PÃO CHATO (carta di musica). O pão mais consumido pelos
pastores sardos é seco, achatado e feito de sêmola de trigo duro (o principal
ingrediente na massa italiana), que tem pouco glúten e é rica em proteínas,
fibras e carboidratos complexos. Por isso, ele não causa picos de açúcar no
sangue como cereais processados ou refinados, e passa melhor pelo
pâncreas, reduzindo o risco de diabetes tipo 2. Seu nome vem da
constatação de que é plano e fino como o papel usado em partituras
musicais. Outro pão chato e fino tradicional é o pane carasau, feito de
farinha de trigo duro, sal, levedura e água.

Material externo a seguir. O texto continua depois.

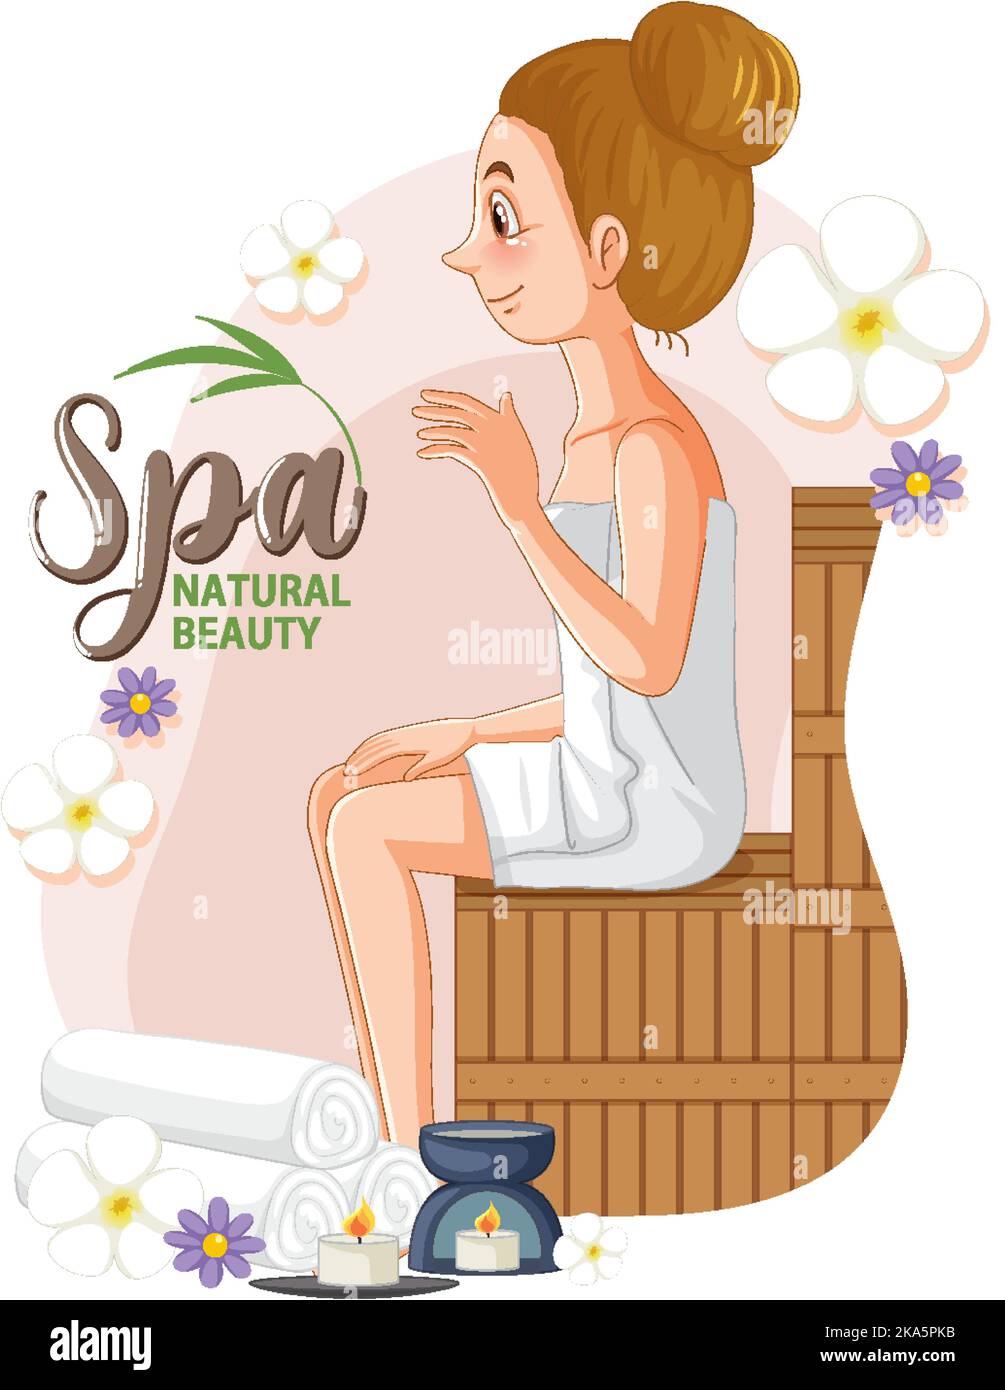 Spa natural beauty text with spa woman illustration Stock Vector
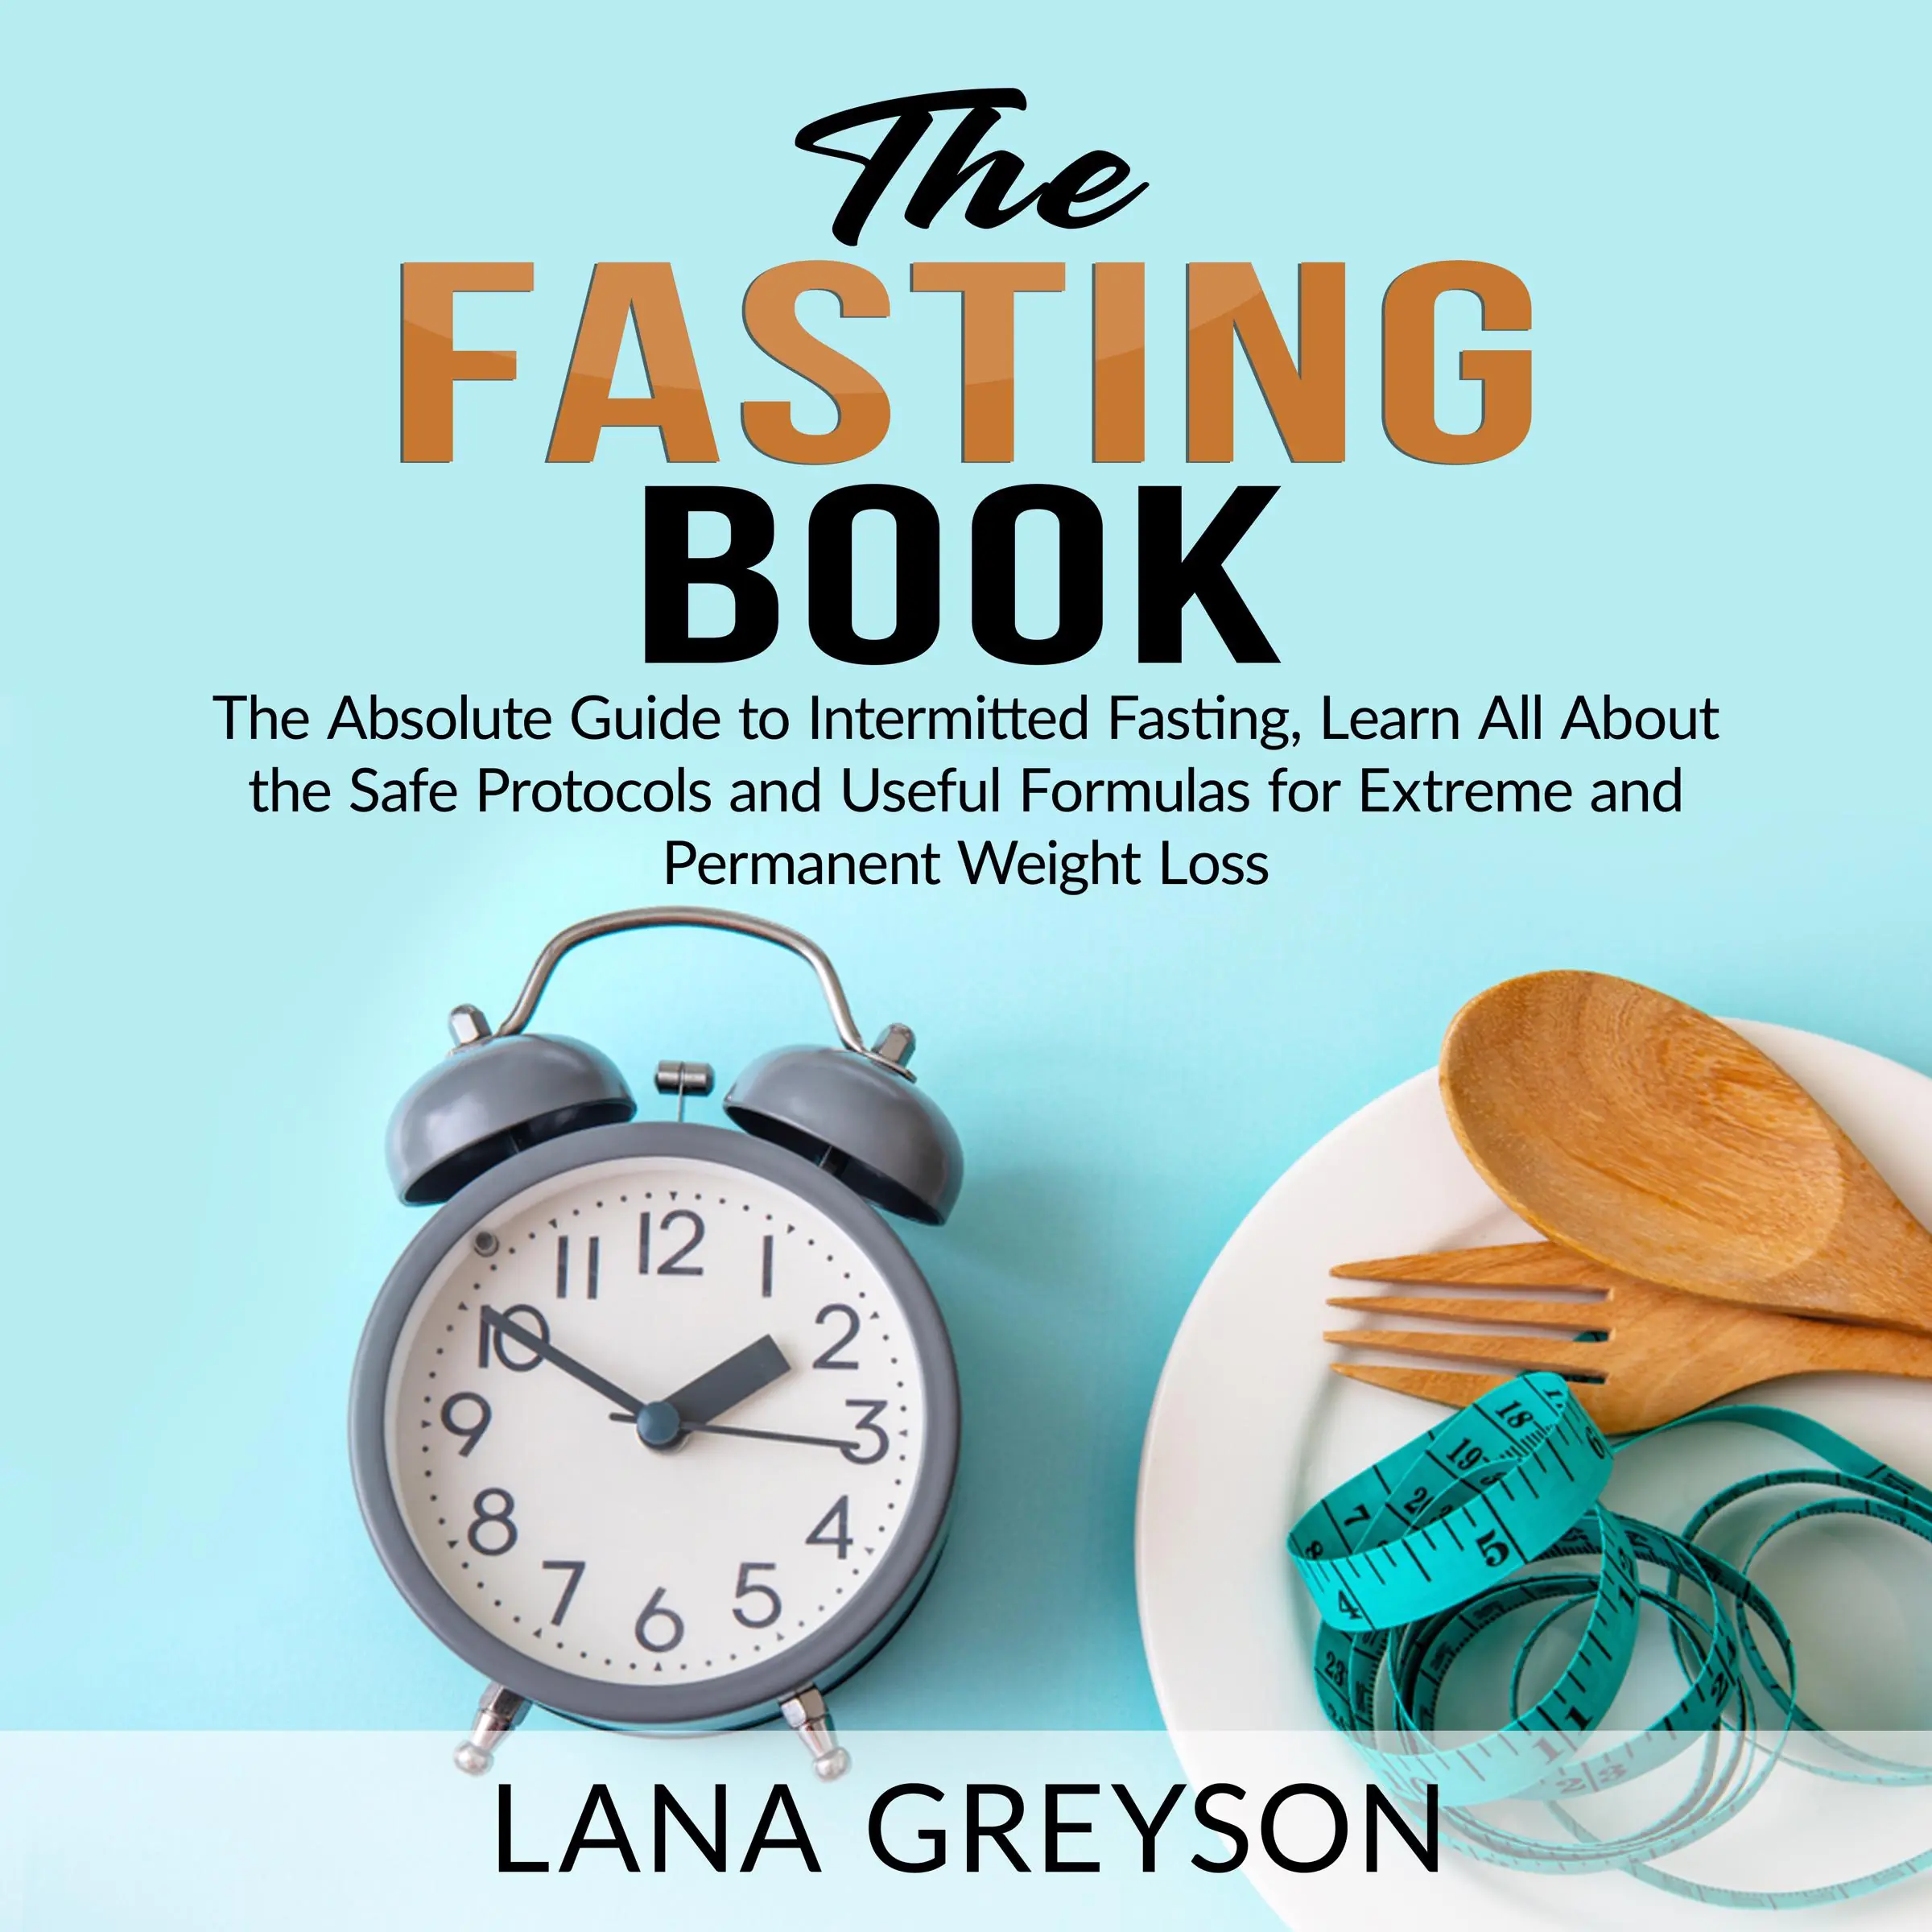 The Fasting Book: The Absolute Guide to Intermittent Fasting, Learn All About the Safe Protocols and Useful Formulas for Extreme and Permanent Weight Loss Audiobook by Lana Greyson

Ele foi inventado por pastores de
ovelhas, que às vezes ficavam longe de casa durante meses, e pode durar até
um ano. Como o trigo duro integral tem índice glicêmico de baixo a médio,
não aumenta o açúcar no sangue e também contém apenas uma fração do
glúten presente no pão branco.
CEVADA. Em forma de farinha ou adicionada a sopas, a cevada é
comprovadamente um alimento associado ao fato de homens sardos
chegarem aos 100 anos. O pão de cevada moída (orgiathu) era o
favorito dos pastores devido à sua longa validade e aparência de um pão
comum. Como seu índice glicêmico é bem inferior ao do pão de trigo, ela
aumenta a glicose no sangue mais lentamente do que o pão de trigo,
sobrecarregando menos o pâncreas e os rins. Não se sabe se a razão disso é
o alto teor de proteína, magnésio e fibras da cevada (bem mais alto do que o
do mingau de aveia) ou o fato de a cevada estar eliminando da dieta
alimentos menos saudáveis, como farinha de trigo branca. Ironicamente, a
cevada era considerada um alimento de gente pobre até recentemente,
quando passou a ser valorizada pela alta cozinha sarda.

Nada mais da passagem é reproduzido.